The result of the Scottish independence referendum and the future of British politics

Paul Cairney, Professor of Politics and Public Policy, University of Stirling,

Tokyo University of Foreign Studies, Tokyo 4.12.14 and Hokkaido University, Sapporo, 6.12.14

The result of the Scottish independence referendum and the future of British politics

In part one, I provide historical background to the referendum debate, identify the importance of the Scottish National Party, outline the process for further devolution, and explain why further devolution might not produce a ‘settlement’ or prevent a second independence referendum.[i]

In part two, I outline a list of topics which we might discuss further in the question and answer session.

At the heart of the ‘future of British politics’ issue is the question: will Scotland remain a part of it?

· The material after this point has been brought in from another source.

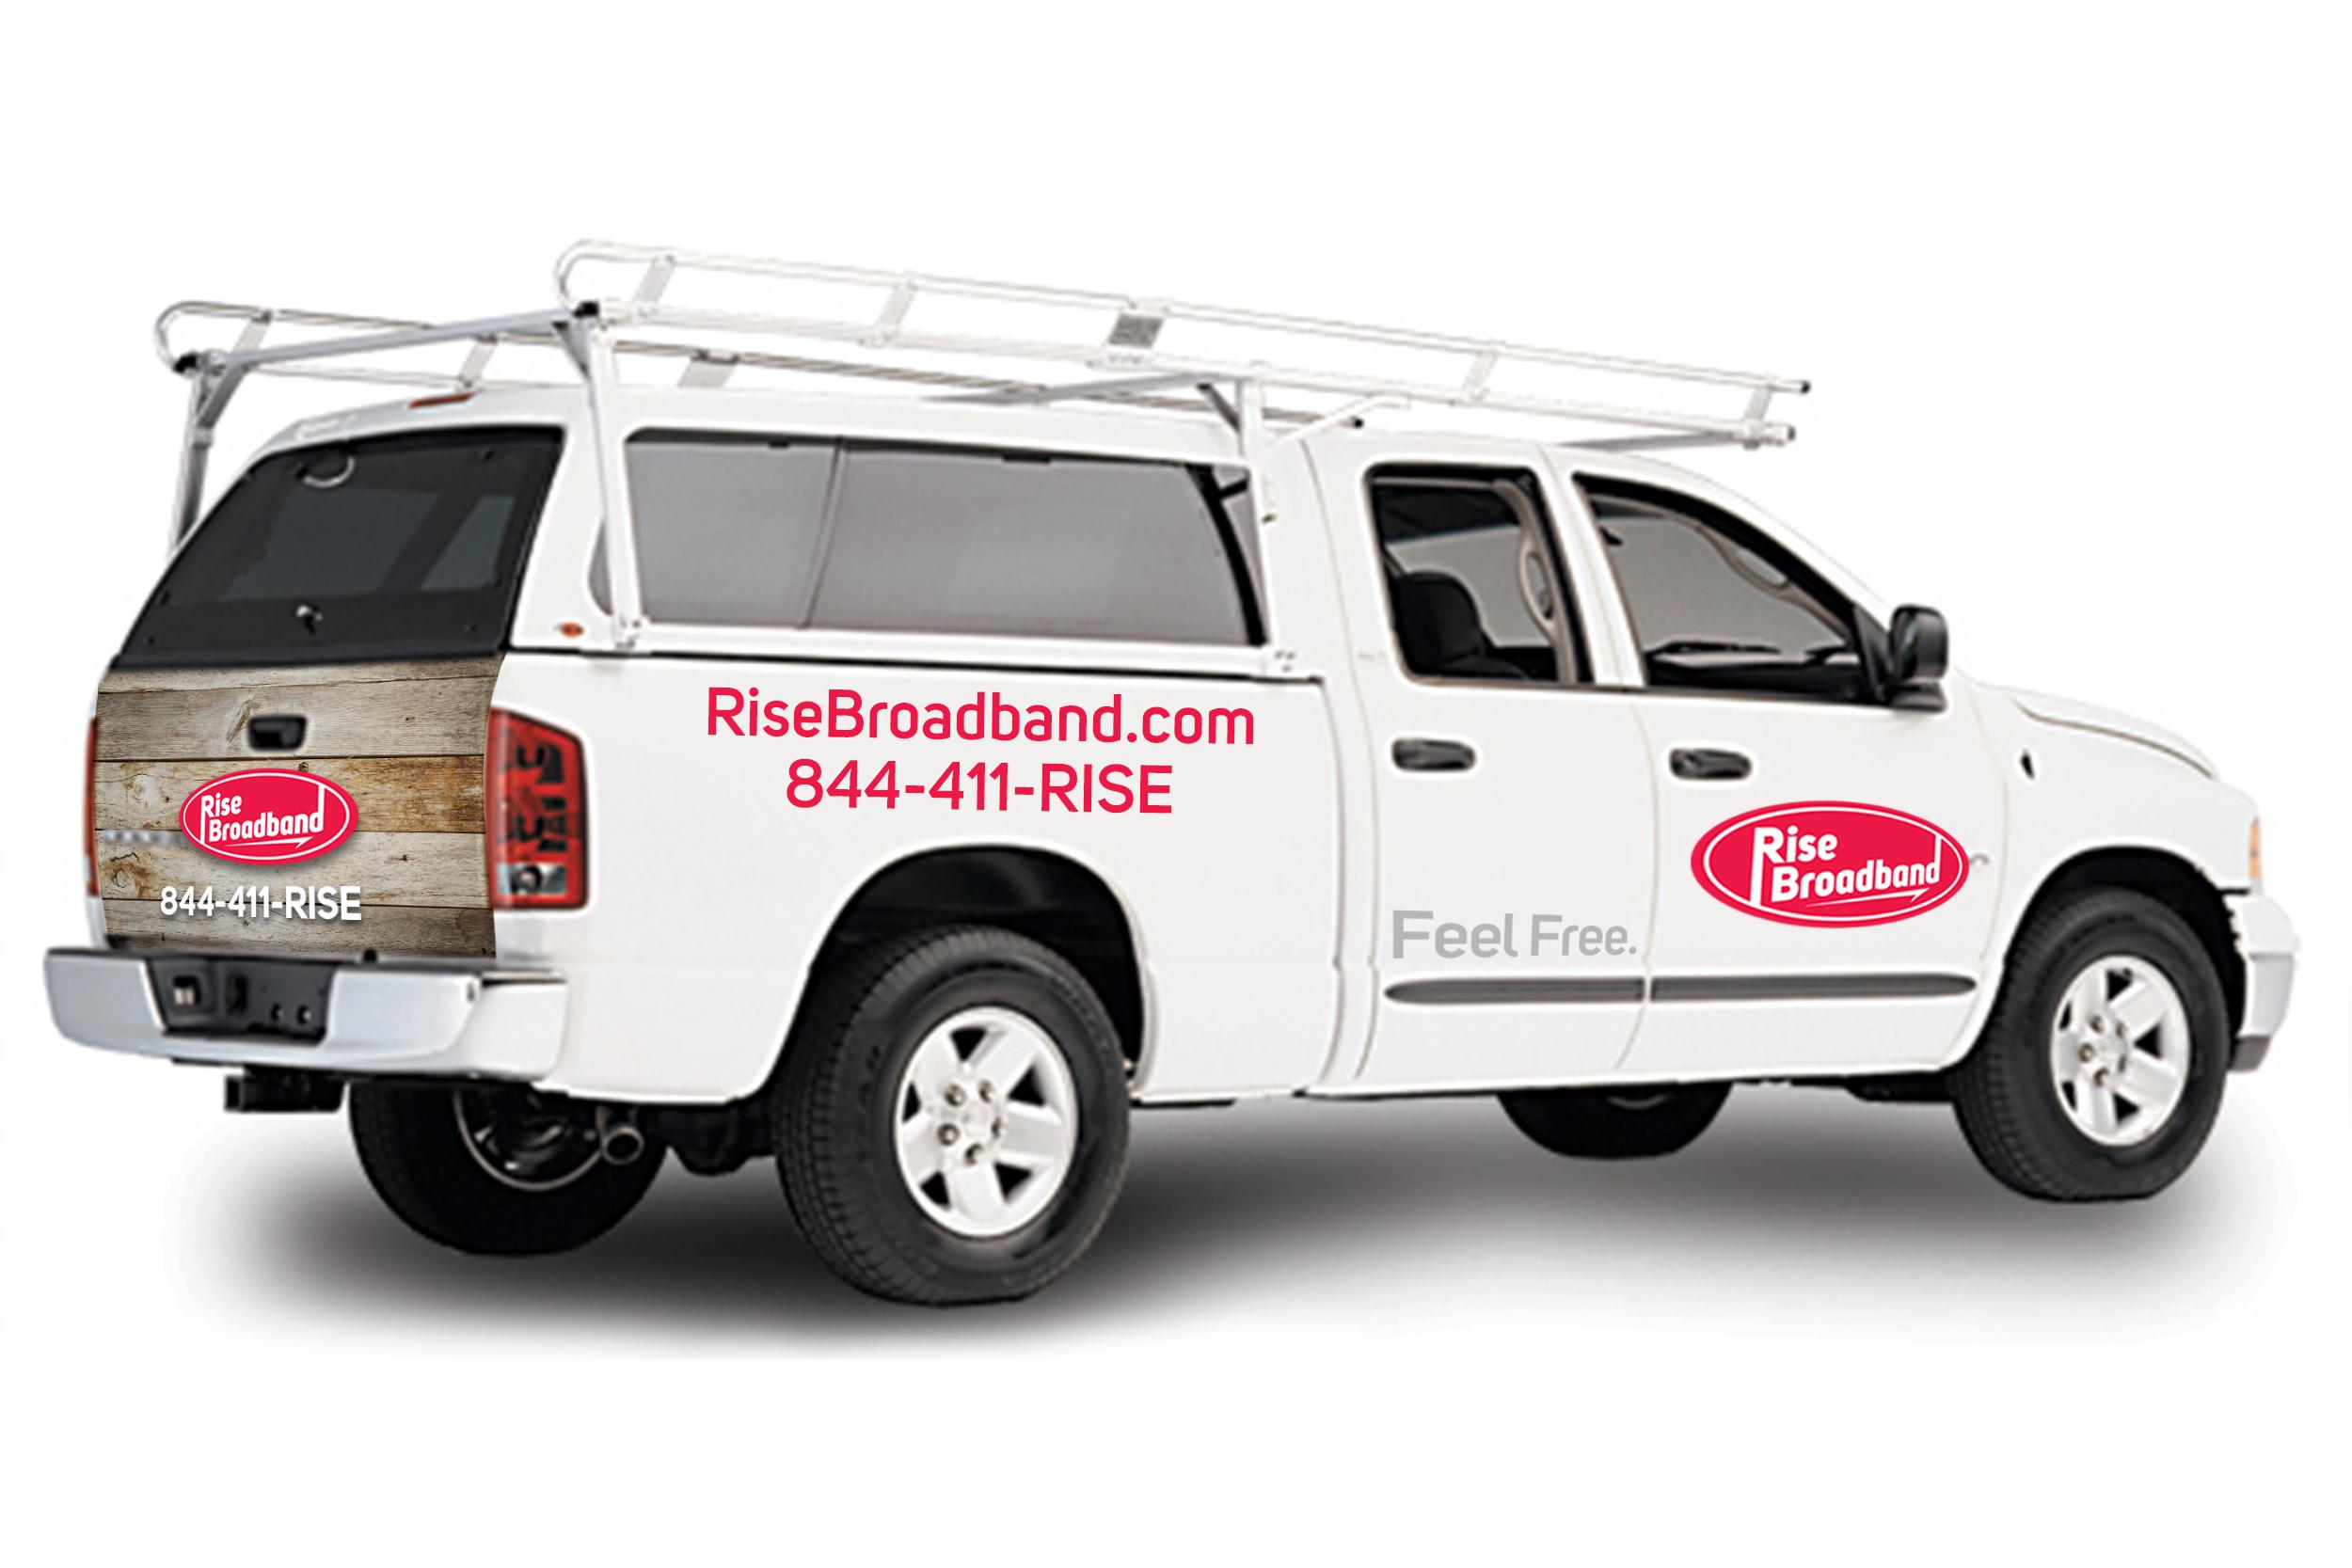 Rise Broadband's new tech / service vehicle. (Photo: Business Wire)

In the short term, the answer is ‘yes’. On the 18th of September 2014, 55% of the voting population voted No to the question, ‘Should Scotland be an independent country?’.

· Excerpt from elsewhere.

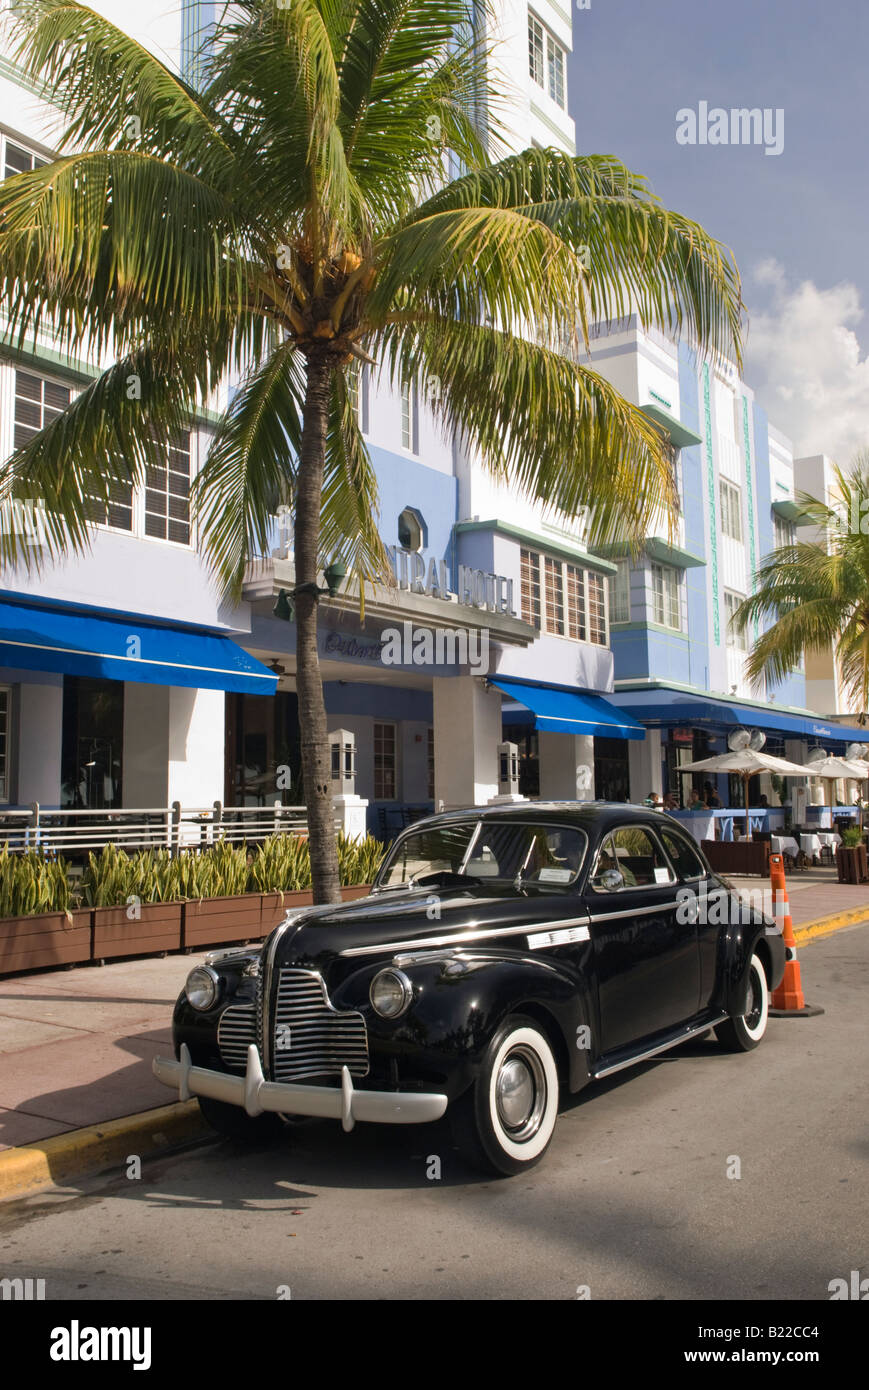 Hotel Marseille Miami South Beach

In the long term, it is impossible to tell. The referendum was often described as a once-in-a-generation opportunity to vote for independence. Yet, it is realistic to expect another referendum in 10 years. This event would form part of a longer term trend, in which the constitutional changes, designed to represent a devolved settlement in Scotland, have not solved the problem – partly because the problem changes or is articulated in new ways.

The background to the initial ‘devolution settlement’ and the spectre of ‘Thatcherism’

In the 1990s, devolution was often described as a way to solve the ‘democratic deficit’. The charge was that people in Scotland voted for one party in a UK general election (Labour) but received another (Conservative) on many occasions. This occurred from 1979-97, and the problem was exacerbated by a long spell of Thatcher-led government (1979-1990). ‘Thatcherism’ had a profound and enduring effect on Scottish politics, and it can refer to several alleged developments:

  • the pursuit of ‘neoliberal’ policies that challenged a ‘social democratic consensus’ in Scotland
  • the ‘top down’ imposition of unpopular policies in Scotland by the UK central government, often before they are introduced in the rest of the UK (such as the ‘poll tax’).
  • the pursuit of economic policies to grow the economy in the south-east at the expense of the north (including the manufacturing industries)
  • the promotion of British policies without sufficiently distinctive Scottish arrangements.

Devolution represented ‘unfinished business’ (since a referendum in 1979 produced a small Yes majority which did not meet a required threshold) and subsequent opposition to Conservatism helps explain a rise in support for devolution. A frequent argument is that devolution could have ‘defended Scotland from Thatcherism’, and allowed the maintenance of Scottish traditions of participative democracy and social democracy. Yet, as we saw in the independence debate, devolution was often described as a poor solution to the democratic deficit.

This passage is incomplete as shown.